**Your goal**
With the pictures left aside, write out exactly the lines of the listing below from the line with "CONTENTS NEW FEATURES" to the line with "A screenshot of", both included, and only those.

[Dataset content Boundary: Start]

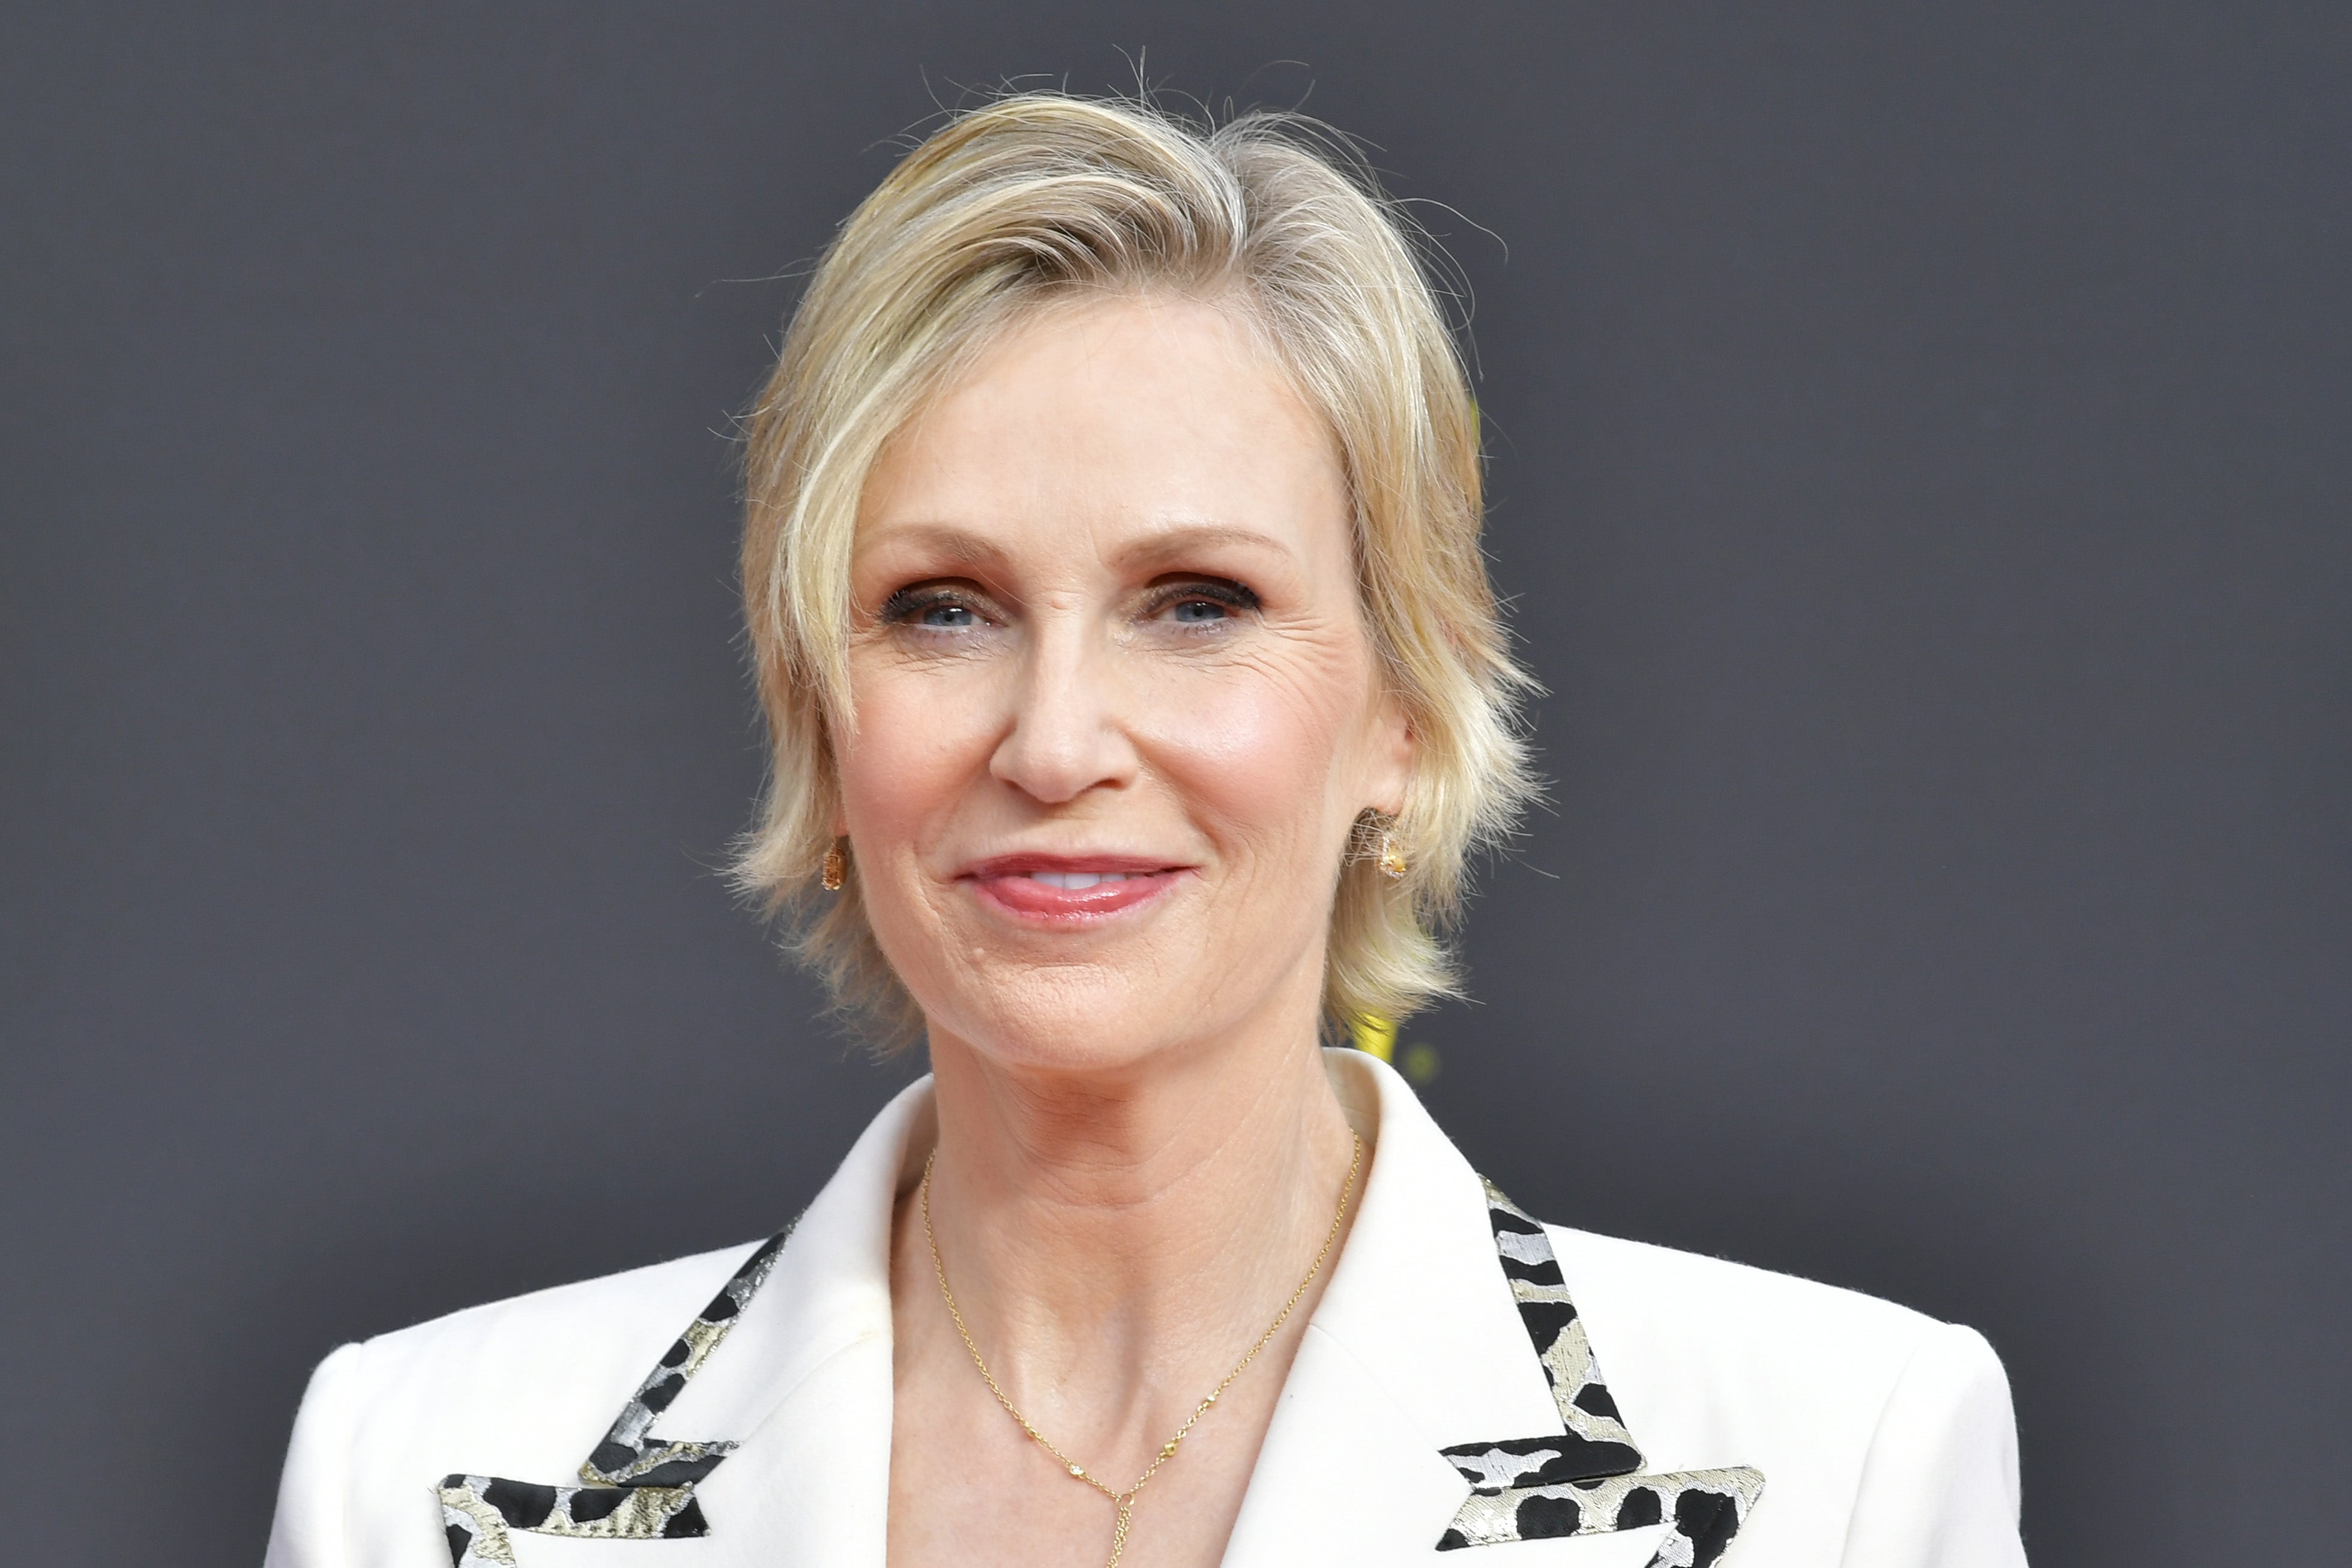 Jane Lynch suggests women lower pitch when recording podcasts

[Dataset content Boundary: End]
[Dataset content Boundary: Start]

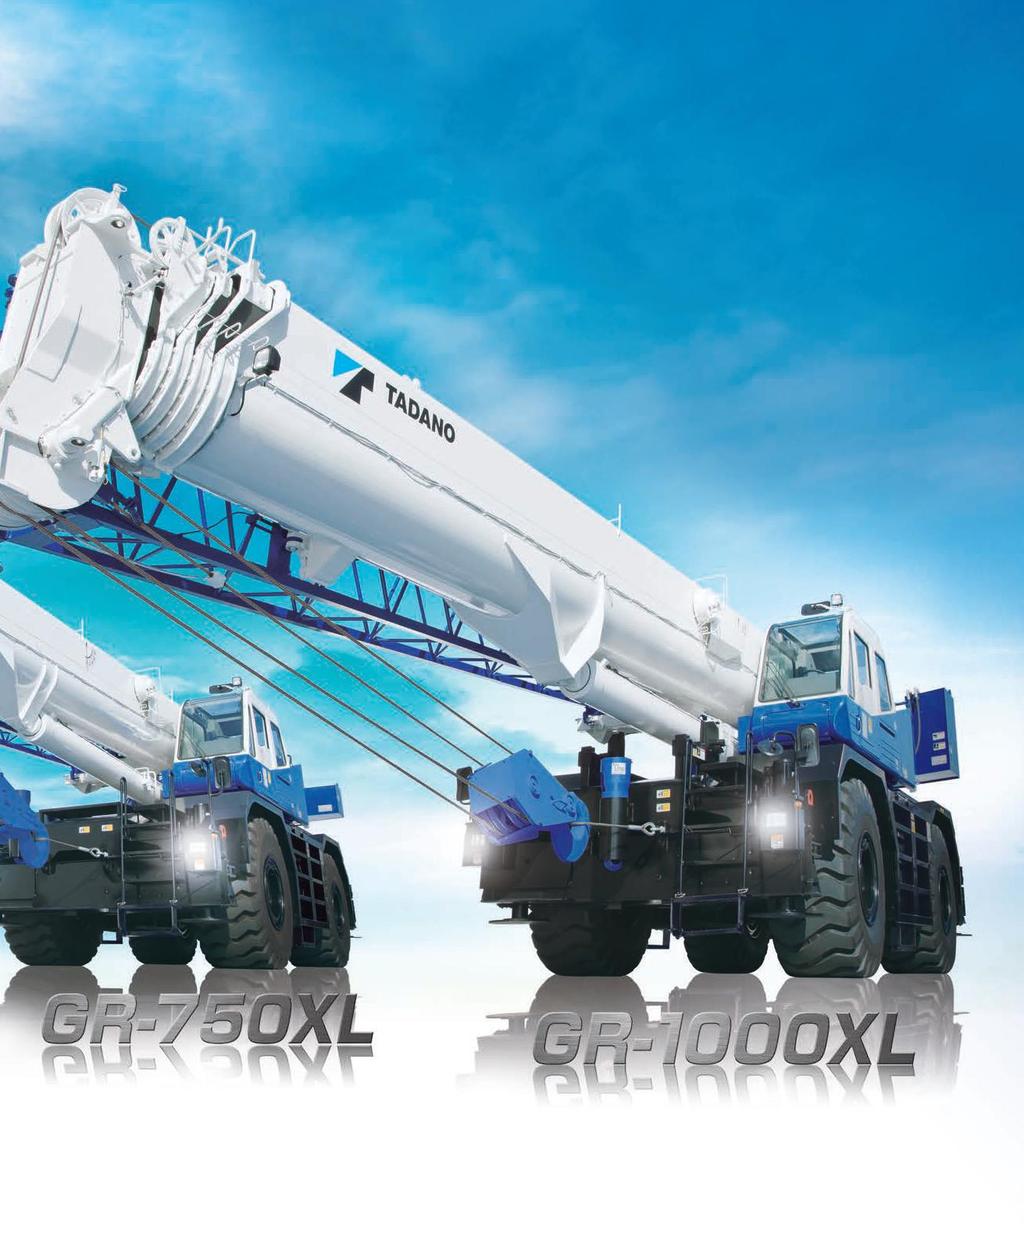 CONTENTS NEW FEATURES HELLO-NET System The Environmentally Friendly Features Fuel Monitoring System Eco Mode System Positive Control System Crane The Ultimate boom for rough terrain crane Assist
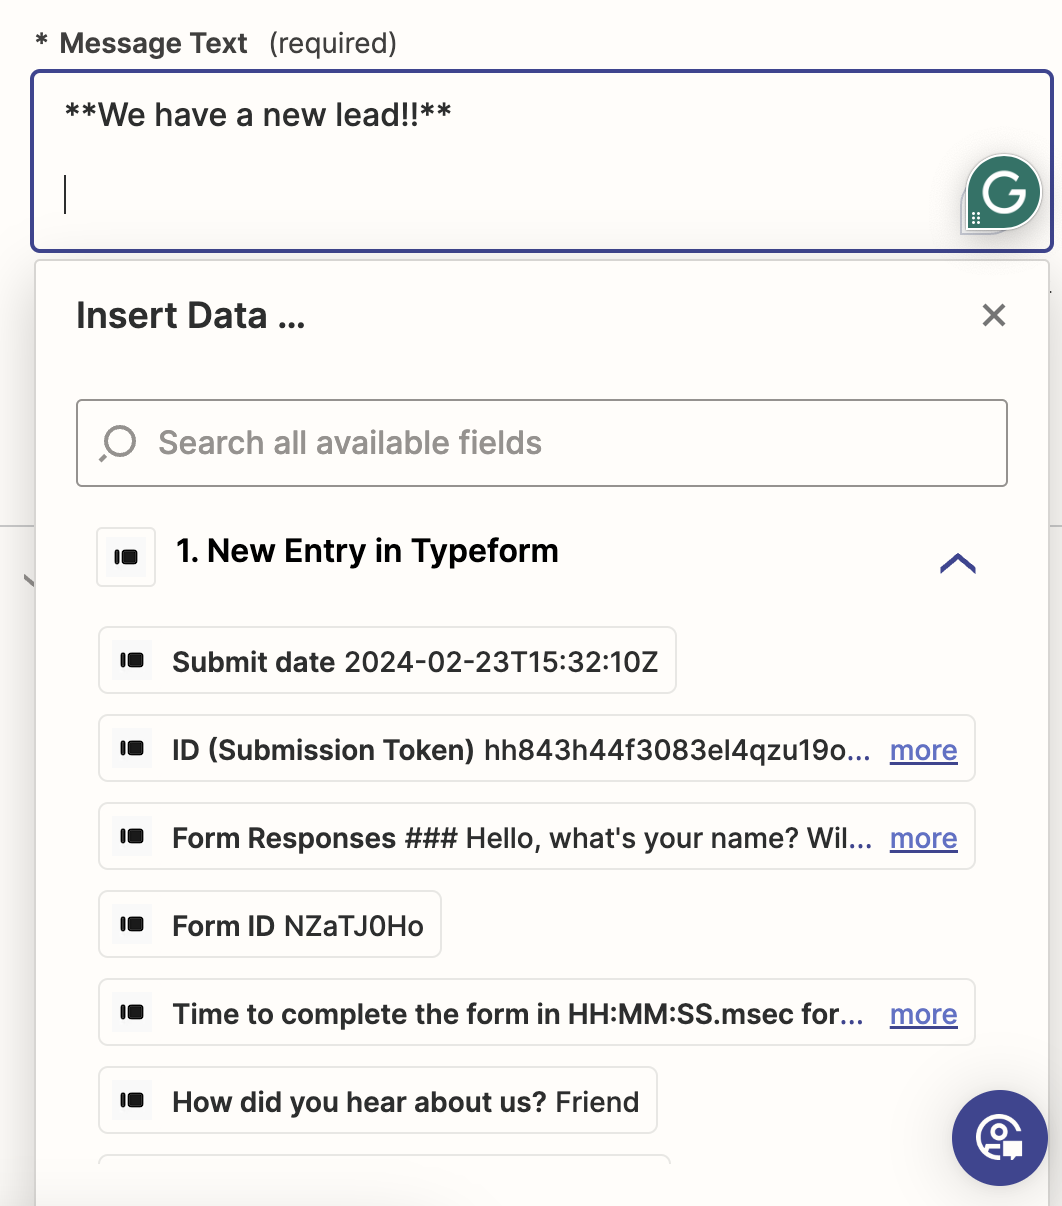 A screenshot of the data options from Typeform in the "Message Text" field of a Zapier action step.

[Dataset content Boundary: End]

**Answer for this exercise**
 CONTENTS NEW FEATURES HELLO-NET System The Environmentally Friendly Features Fuel Monitoring System Eco Mode System Positive Control System Crane The Ultimate boom for rough terrain crane Assist
 A screenshot of the data options from Typeform in the "Message Text" field of a Zapier action step.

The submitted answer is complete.